## INFORMATION SUPPLIED
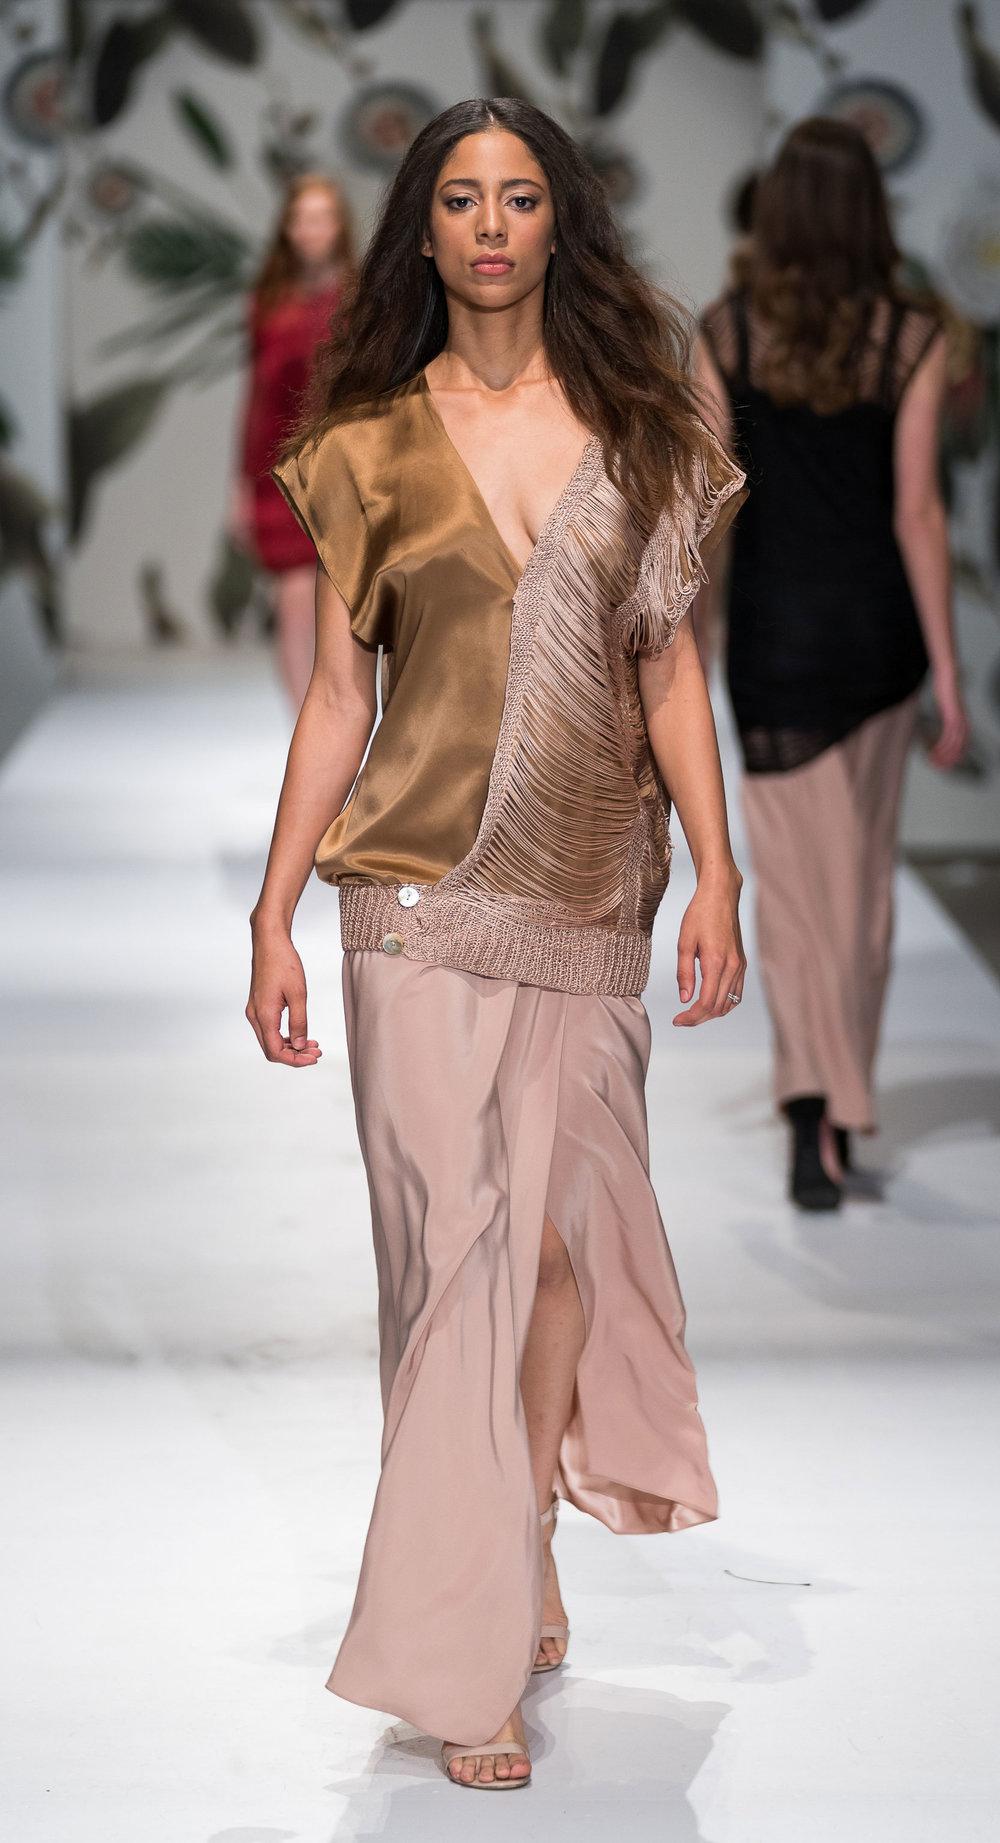 Masha-Osoianu-Design-(12).jpg
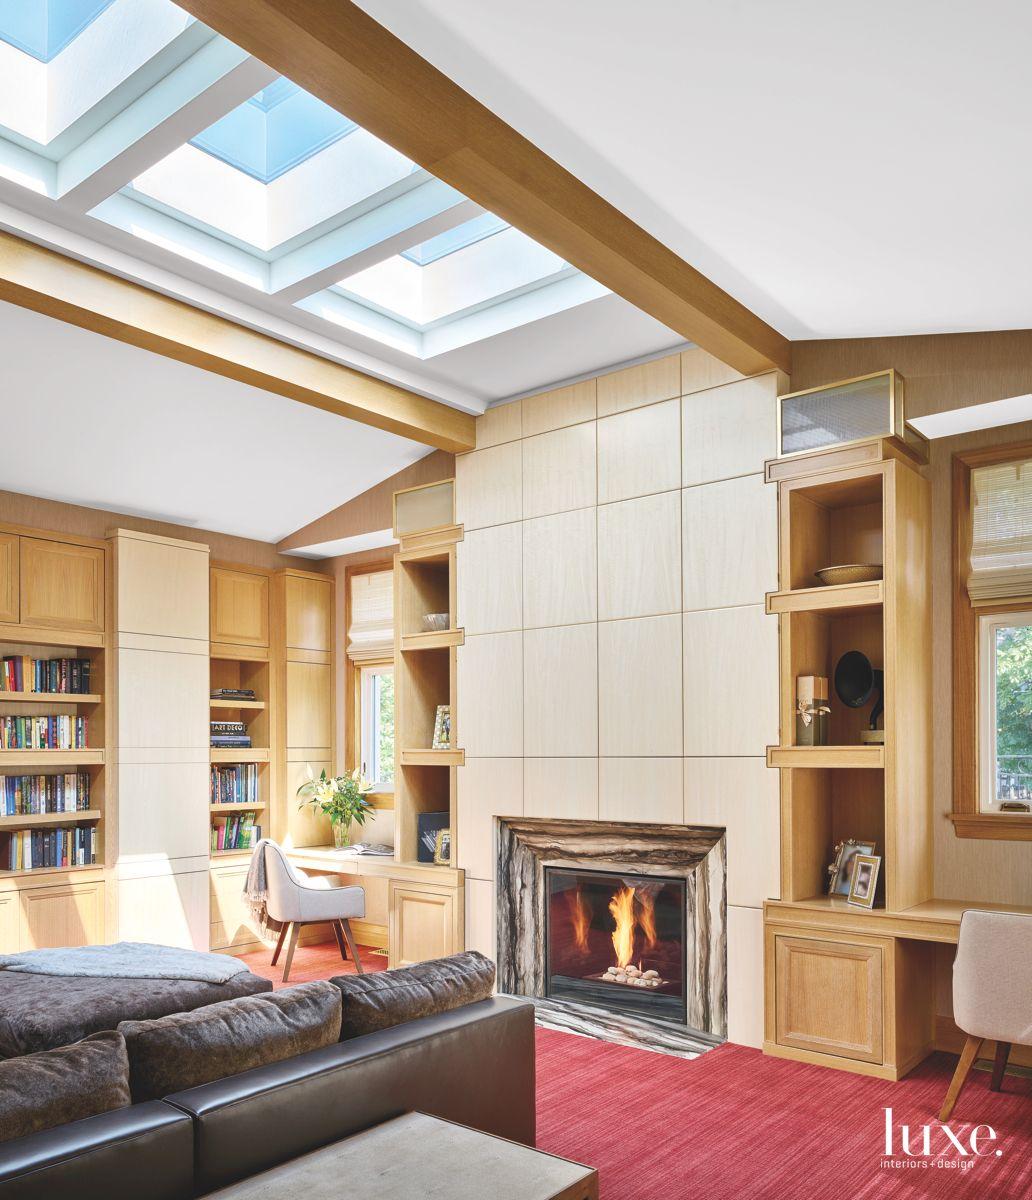 Skylight Light Wooden Den with Fireplace
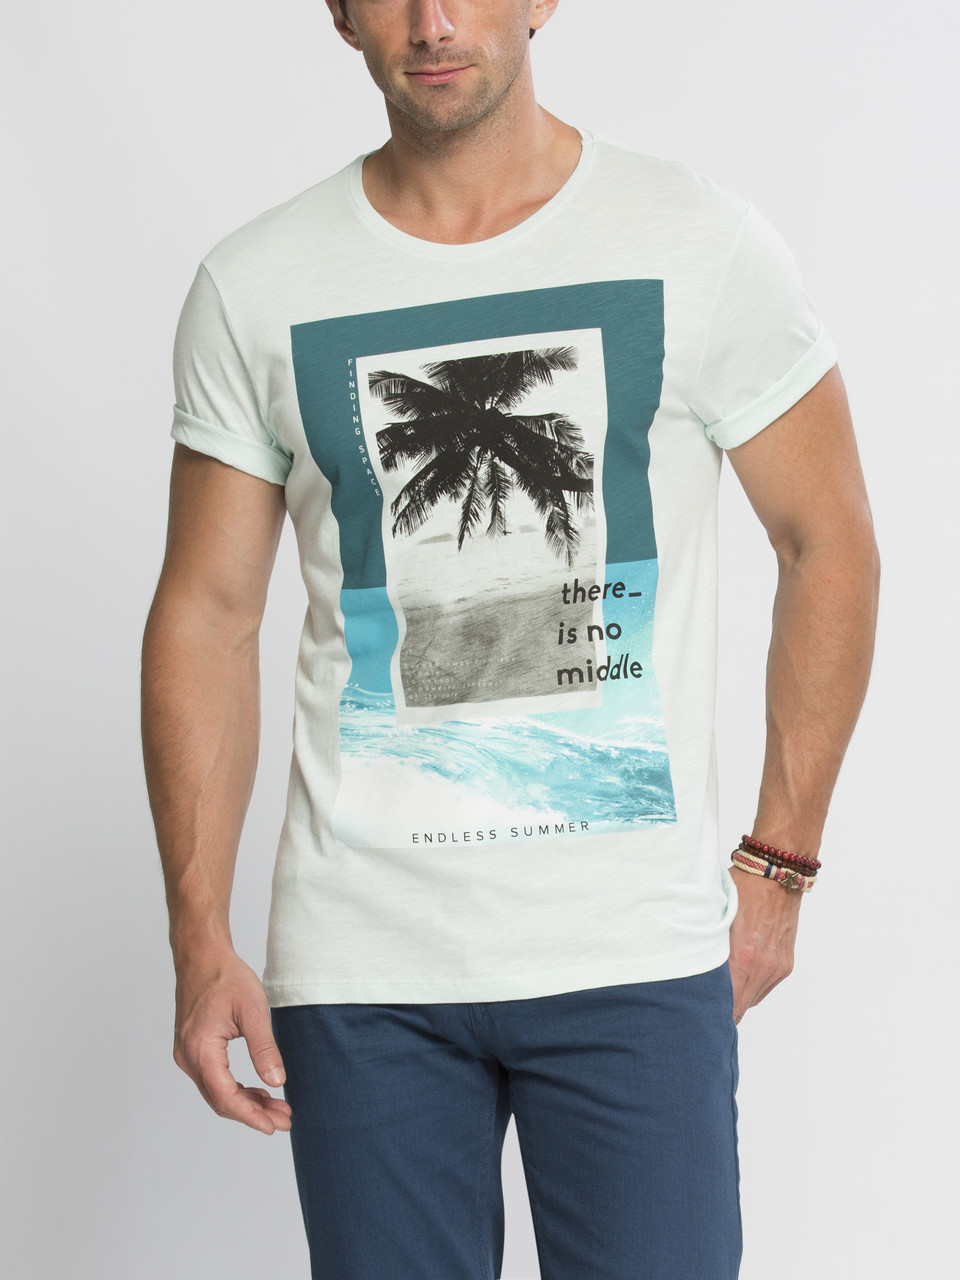 Мужская футболка мятная LC Waikiki / ЛС Вайкики с пальмой на груди
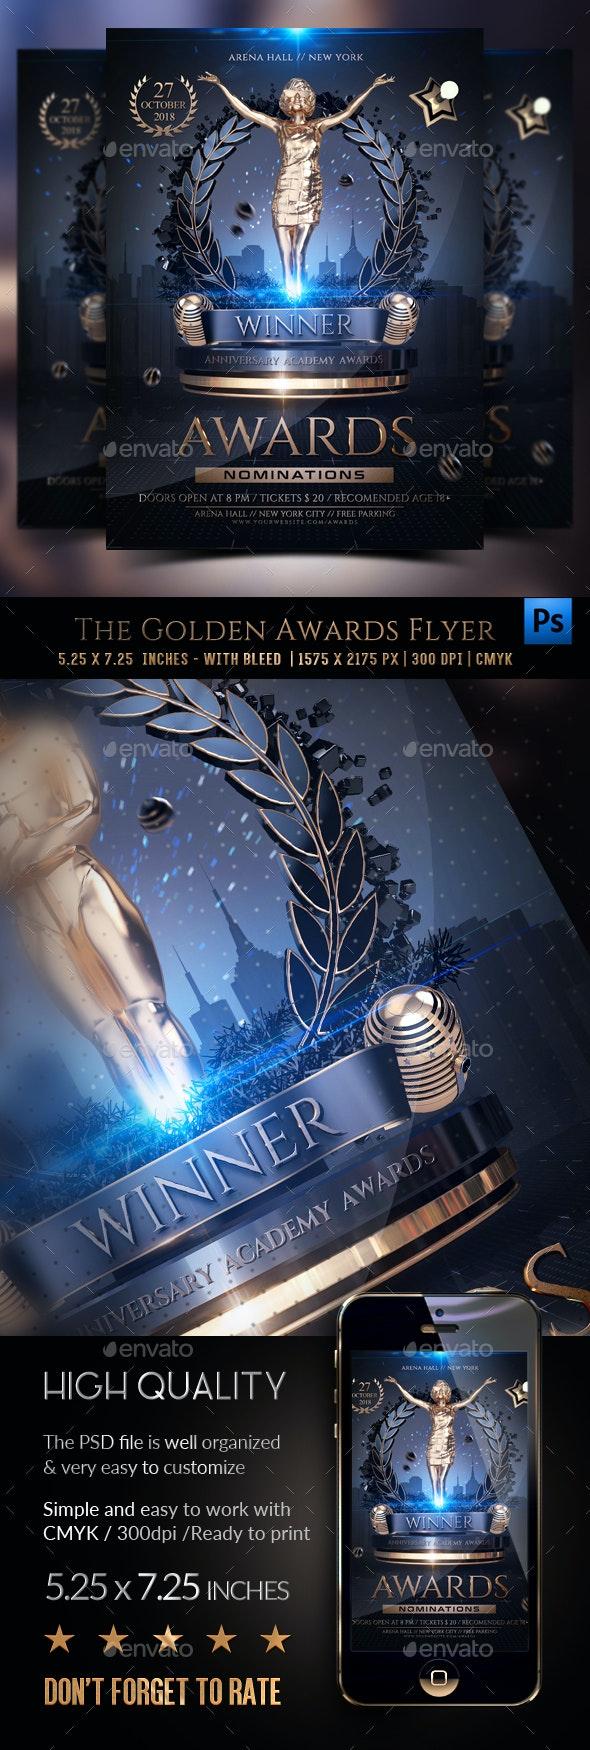 The Golden Awards Flyer Template

## WHAT YOU SHOULD DO
Please print exactly the lines from the one holding "Мужская футболка мятная" through the final line of the data above, including both, and skip all pictures.

## EXERCISE SOLUTION
 Мужская футболка мятная LC Waikiki / ЛС Вайкики с пальмой на груди
 The Golden Awards Flyer Template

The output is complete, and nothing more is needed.